Mr Archer hat es sehr treffend formuliert. Als normal sozialisierter Mensch muss man bei so etwas kotzen. Das ist auch gut so, wenn man diesen Würgereflex hat, darf man sich tatsächlich als zumindest halbwegs gesunder Mensch bezeichnen. Ich weiß bereits, dass diese Formen von Gewalt ekelerregend sind. Ich will sie weder sehen, noch hören, und erst recht nicht spielen. Bei SPON war letztens ein Artikel, bei dem ein Foto einer jungen Chinesin gezeigt wurde, die im siebten Monat zwangsabtreiben musste. Im original hätte der tote Fötus daneben gelegen, das gezeigte Bild war diesbezüglich kaschiert. Danke dafür! was bringt es mir, Gewalt eindrücklich zu erleben? Ich weiß, dass jeden Tag viel Scheiße auf der Welt passiert und bin nicht zuletzt durch die Nachrichten, die von realen Fällen berichten, schon zur Genüge ausgestattet. Ich und jeder andere wird deswegen auch nicht plötzlich aufstehen und versuchen, im Alleingang die Welt zu retten, der Glaube, durch solche Schocker könne man etwas bewegen, ist naiv.
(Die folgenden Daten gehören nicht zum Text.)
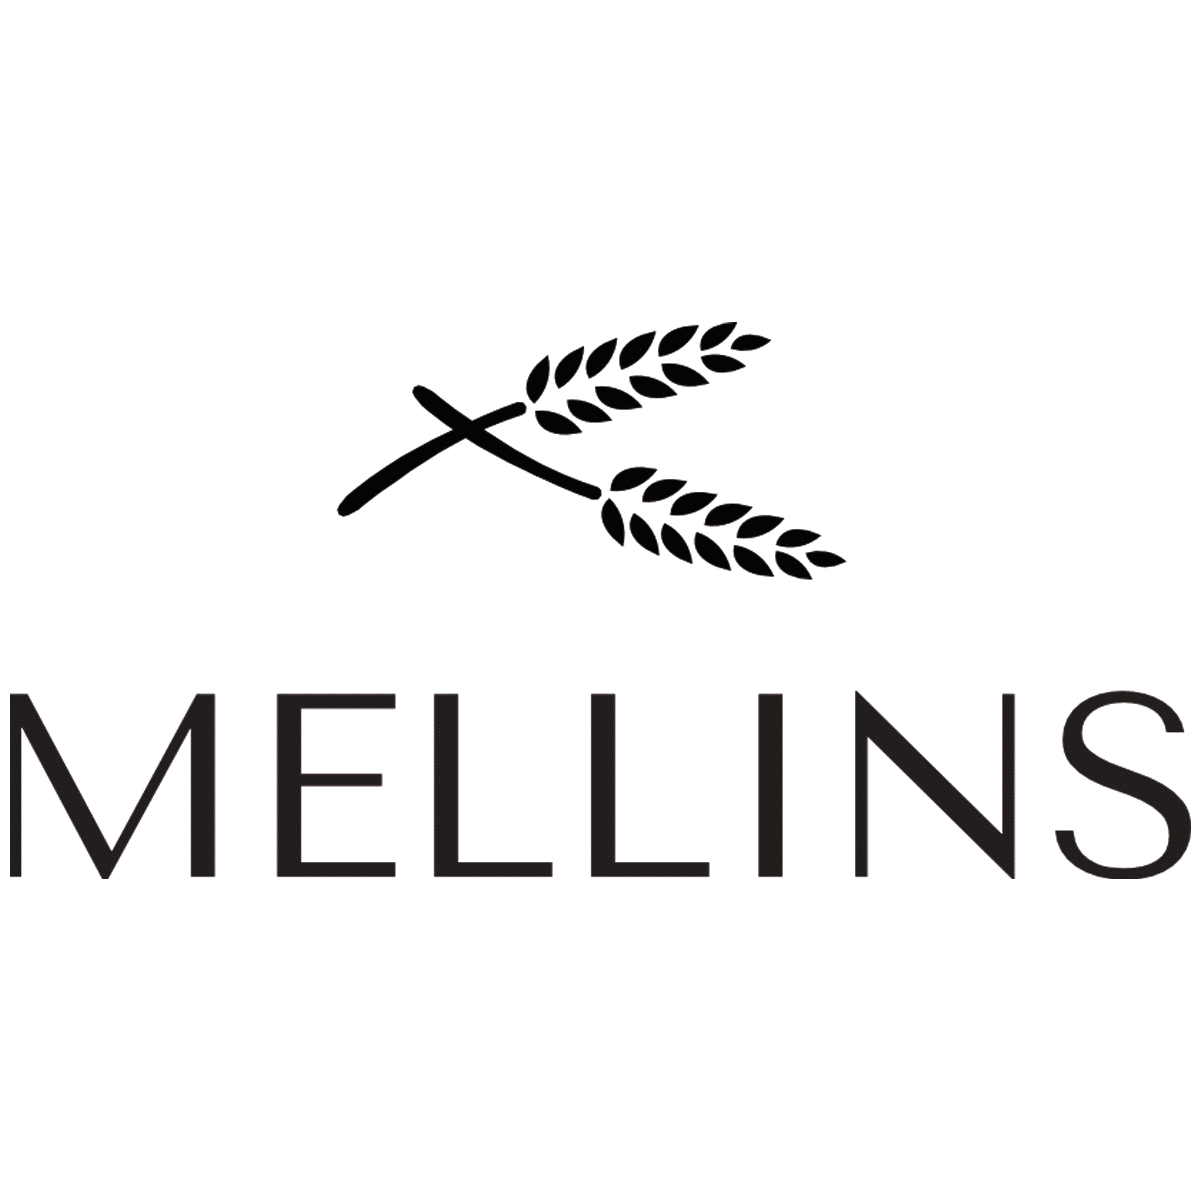 MELLINS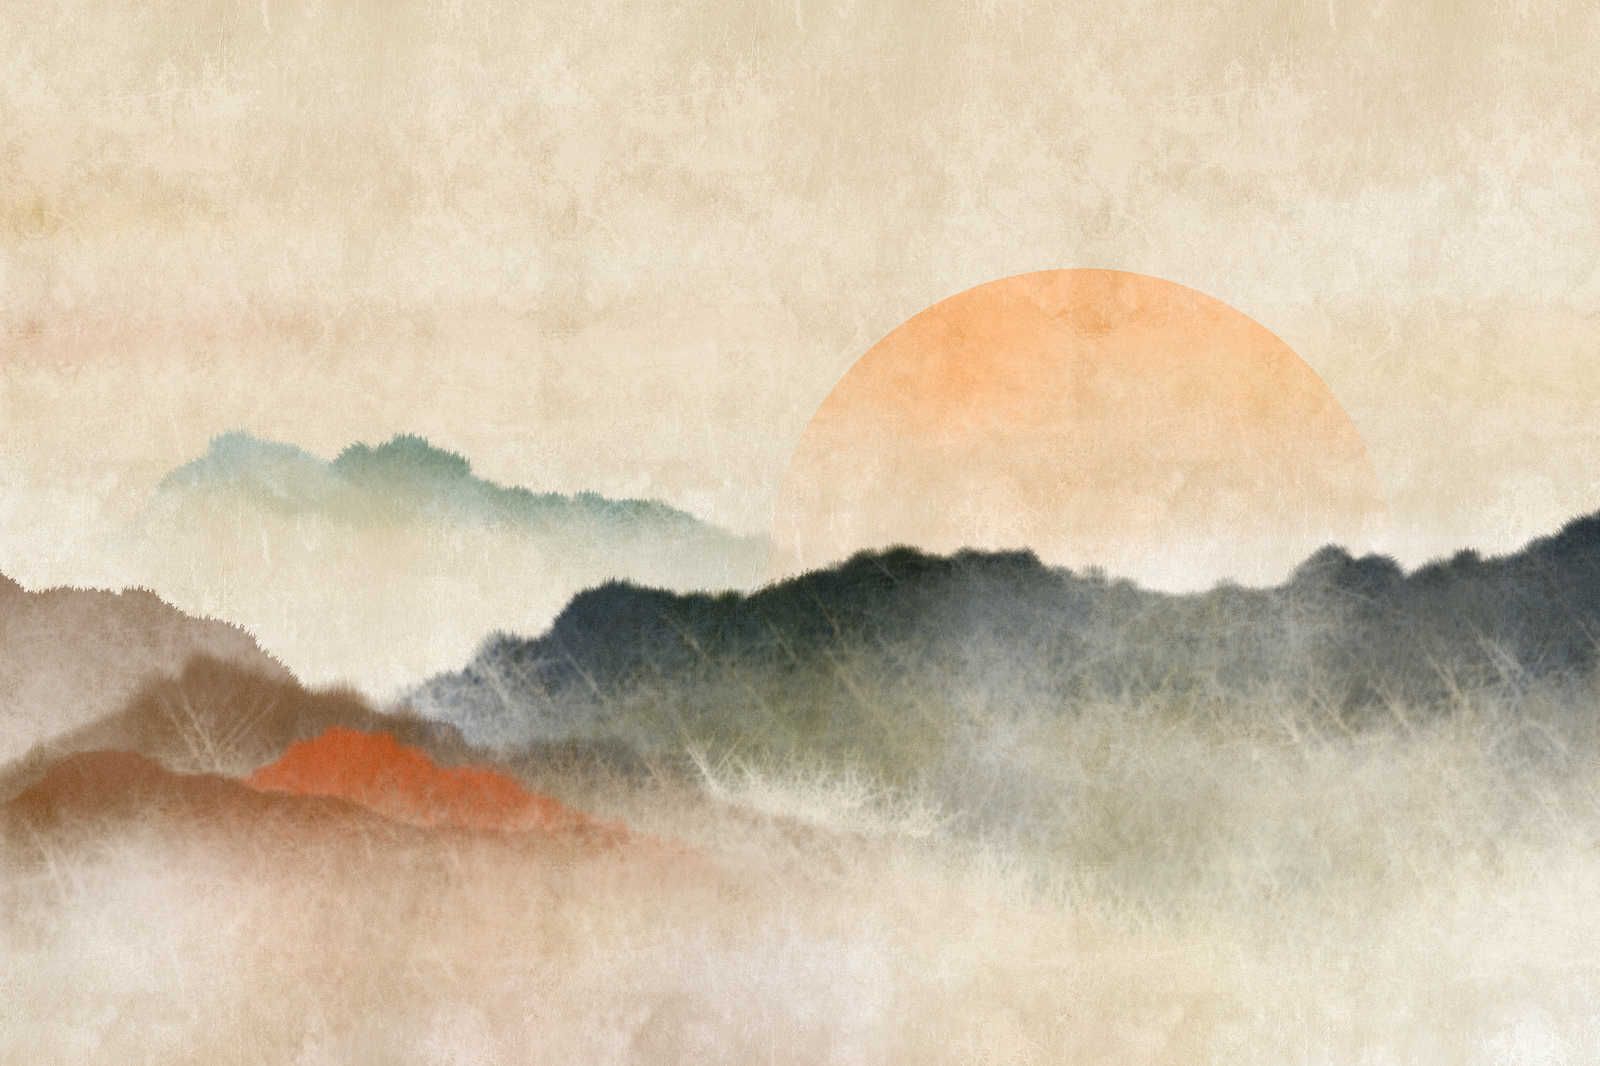             Akaishi 3 - Canvas schilderij Sunrise, Asia Style Art Print - 1.20 m x 0.80 m

Dementsprechend fehlt die nachdenkliche Komponente. Es ist einfach Schock, Übelkeit und Ekel, mehr nicht. Es gibt Spiele, die Elendsthemen beinhalten, aber diese Spiele stellen das weitaus geschickter dar, nämlich so, dass man noch Lust hat, zu spielen.
Zudem haben diese Spiele meistens auch tatsächlich etwas zum Nachdenken. Die Botschaft von Deus Ex war, dass in der nahen Zukunft die Macht auf der Welt zunehmend auf einzelne Institutionen polarisiert wird. Interessanterweise, empfand ich das beim ersten Mal Durchspielen nicht so, beim kürzlich erfolgten, mittlerweile dritten Durchgang, konnte ich da nur nickend zustimmen. Und anders als beim Thema Gewalt kann man hier auch sehr viel direkter eine Änderung herbeiführen. Nicht die FDP wählen ist da z.B. ein guter Anfang.